If we didn't like this, we should have challenged it nearly a century ago. But that's how it is, now. If you don't want the federal government to have this power, then whether we're talking in 2012 or 1962, the situation hasn't changed at all, and you can still advocate a new amendment that is more explicit about the fed's taxing powers.
They got the megaupload servers offline, with much publicity, even if the whole thing is overturned there's no way it's returning in its old form. I'm sure the US authorities are thinking, 'job done'.
But.. but.. that's impossible. The US government would never use force to create fear of vigilante justice in the minds of civilians, for purposes of effecting political or behavioral changes. Why? Because US government is against terrorism.
The pres should not be held responsible for what the judge decided, unless it is OBVIOUS pandering to his OVERT policy.
Unless the judge screwed up, then somebody elected should be held responsible. Otherwise we'd be de-politicizing a political act. If you want to frame this as a Boener issue ("Why didn't you introduce legislation into the House, to end this madness?") that's cool, but I think Obama is weaker and has more cameras on him. Congress in invicible right now. They know everyone hates them and they don't care. The presidential candidates care, though.
SOME ideologies? I'd characterize it as much more than some.
But is patent policy one of them?
And combining the party names into one is an oversimplification, at best
Everything is an oversimplification. Calling them Democrats or Republicans is an oversimplification too. The reason we associate politicians with their parties is that it helps us generalize and say things that aren't precisely true.
And I declare that ridiculous.
D'oh!
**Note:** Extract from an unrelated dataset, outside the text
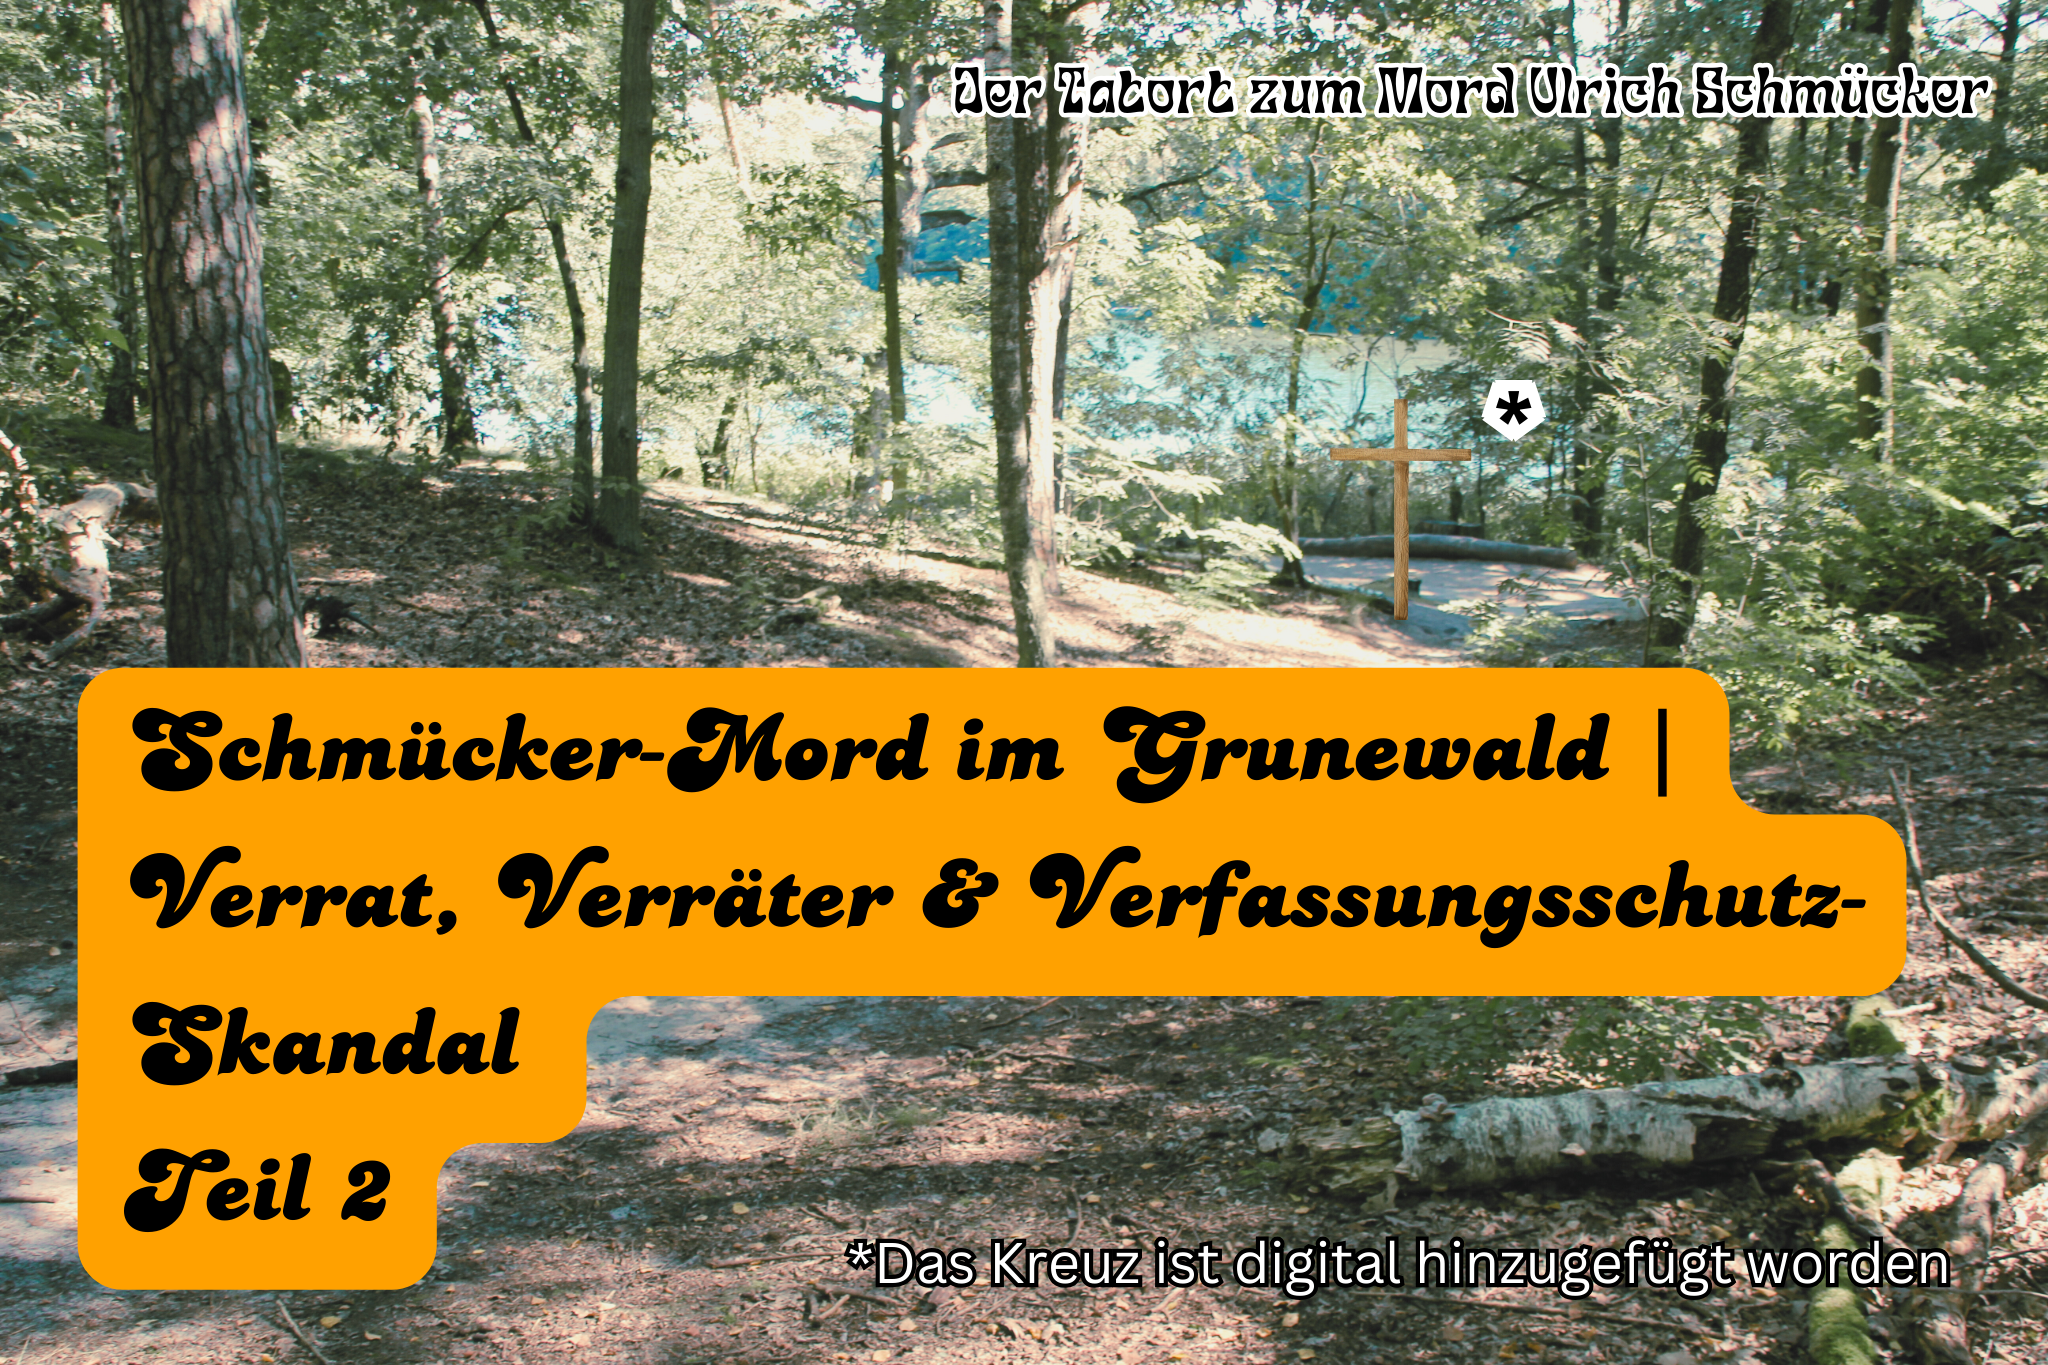 Schmücker-Mord im Grunewald | Verrat, Verräter & Verfassungsschutz-Skandal – Teil 2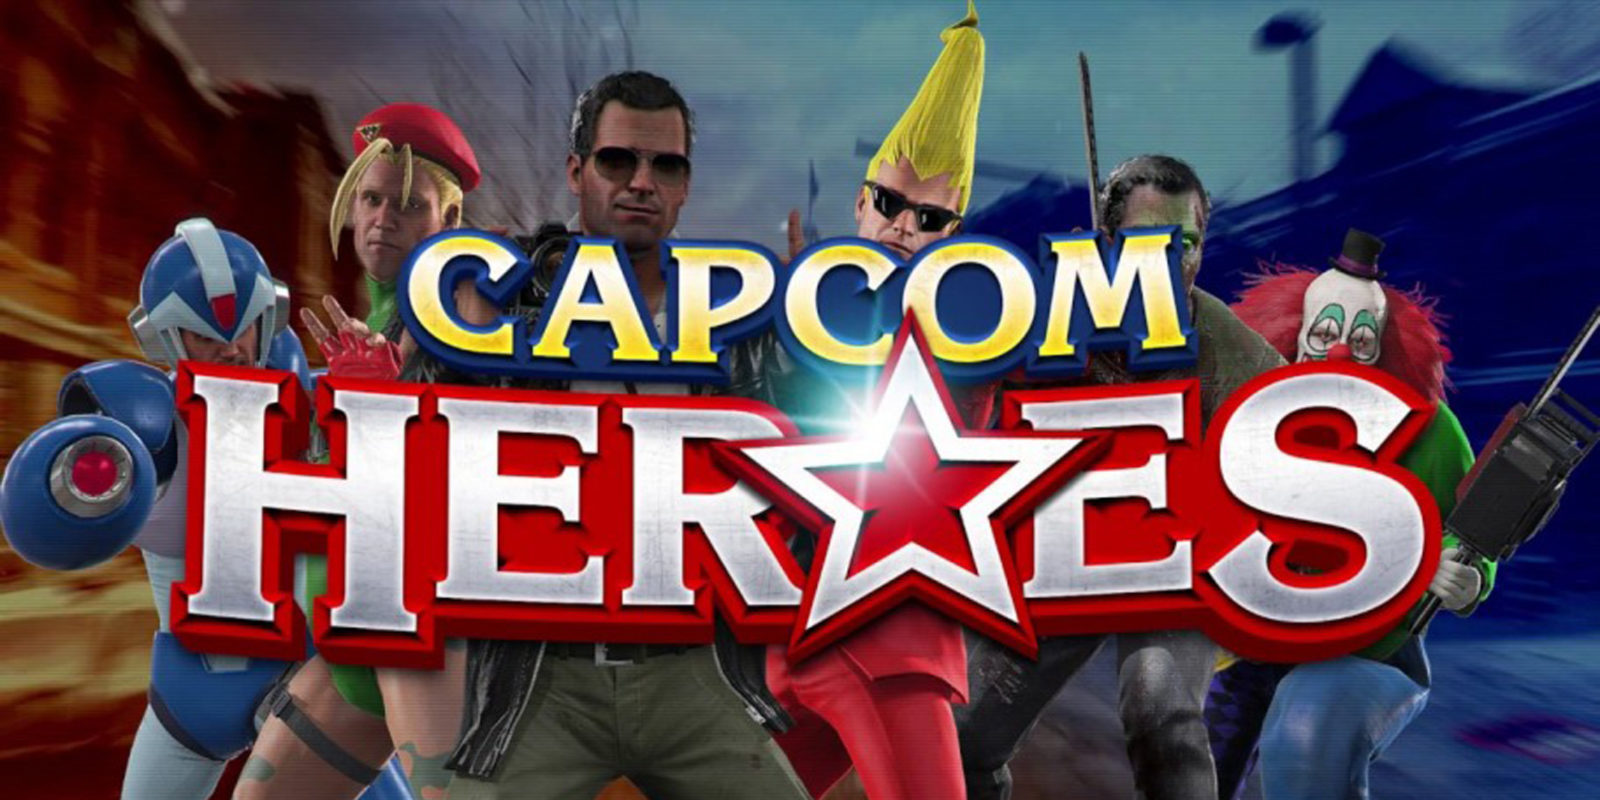 'Dead Rising 4' presenta a lo loco su modo Capcom Heroes

You dodged the issue by calling what I said ridiculous, instead of calling the law ridiculous and putting politicians into the hot seat to defend or condemn the current partisan policies. That's just the kind of thing that.. [roll dice] *clatter*.. Obama would do!
In regard to the useless "Republicrat" term - I'm sick of it. The parties are further and further apart every day. They may both be beholden to money, but their ideologies are polar opposite.
The do have some different ideologies, but there are still a great many [at least] two -sided issues where those two parties combine on one side while we the people are on the other. It is a particularly apropos term when discussing IP policy. Republicans and Democrats have moved as One on this. Corrupt IP law is currently part of the Republicrat behavior. Even if you hate the word, you gotta admit the previous sentence is highly accurate.
The chance that Obama had ANYTHING to do with decision is infinitesimally small.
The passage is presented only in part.